“Le commerce informel genère une évasion fiscale importante”

Partager

La Dépêche de Kabylie : Pourquoi à votre avis, l’informel se généralise?

Ahmed Tessa : L’économie algérienne a connu de profondes mutations et transformations mais dans l’ensemble, les hydrocarbures restent la source principale voire quasi unique de financement. Ceci s’explique par le recours massif et croissant aux importations des biens et services qui restent encore une réalité. Le degré d’ouverture de l’économie algérienne a fait l’objet d’une progression rapide et se situe actuellement à un niveau très élevé. Tous les espaces des grandes villes voire petits hameaux et villages sont envahis par des commerçants illégaux. Tant en biens d’équipement et biens intermédiaires qu’en produits alimentaires. La dépendance totale de l’économie algérienne aux importations est importante, elle aiguise l’appétit des rentiers moderne, nationaux et étrangers.
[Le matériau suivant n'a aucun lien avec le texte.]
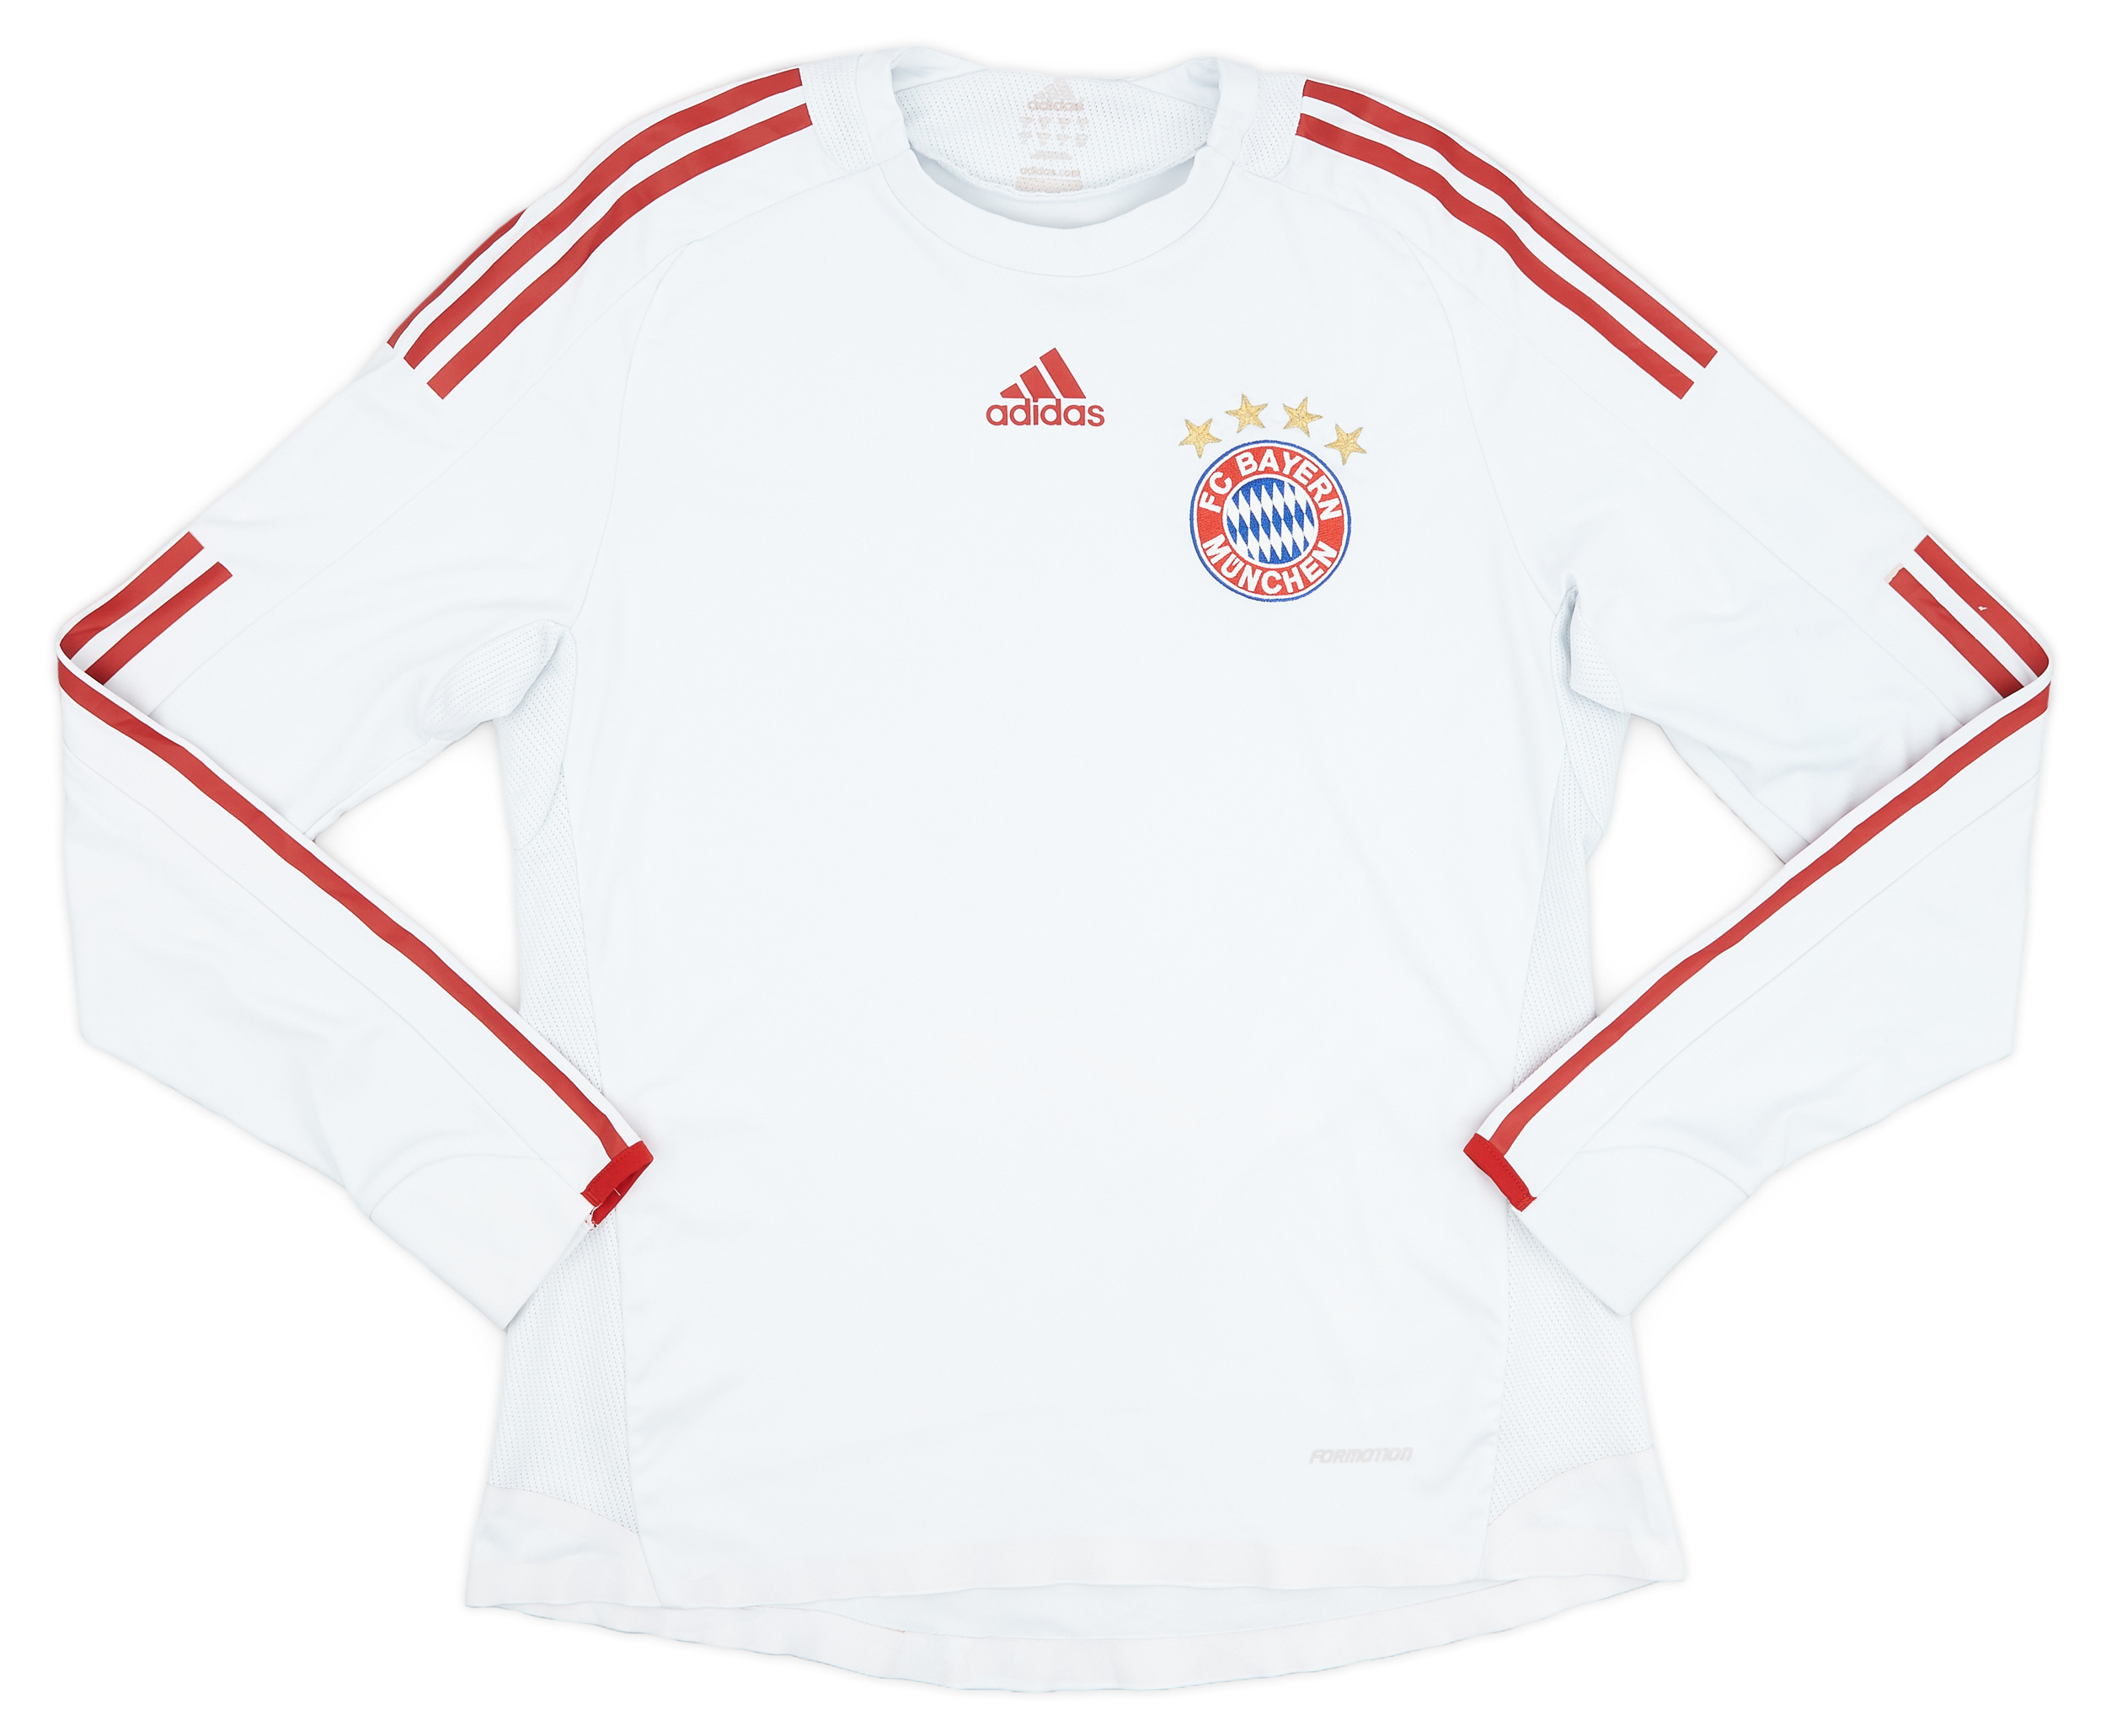 2008-09 Bayern Munich Player Issue CL Shirt - 6/10 - ()

Qu’en est-il de l’émergence du phénomène de l’informel?

La forte demande solvable sur les divers produits engendre la rupture de stocks. Les pénuries et ruptures répétées de ces produits sont les causes principales de l’apparition de ce phénomène, qui ouvrent les portes à des trabendistes et aux fraudeurs. La Direction du commerce de la wilaya d’Alger a recensé 96 marchés informels dans lesquels excercent 7 100 commerçants illégaux. Celle de Tizi-Ouzou en a recensé plus de 1 500 en 2007.

Le commerce informel a pris à ce point de l’ampleur…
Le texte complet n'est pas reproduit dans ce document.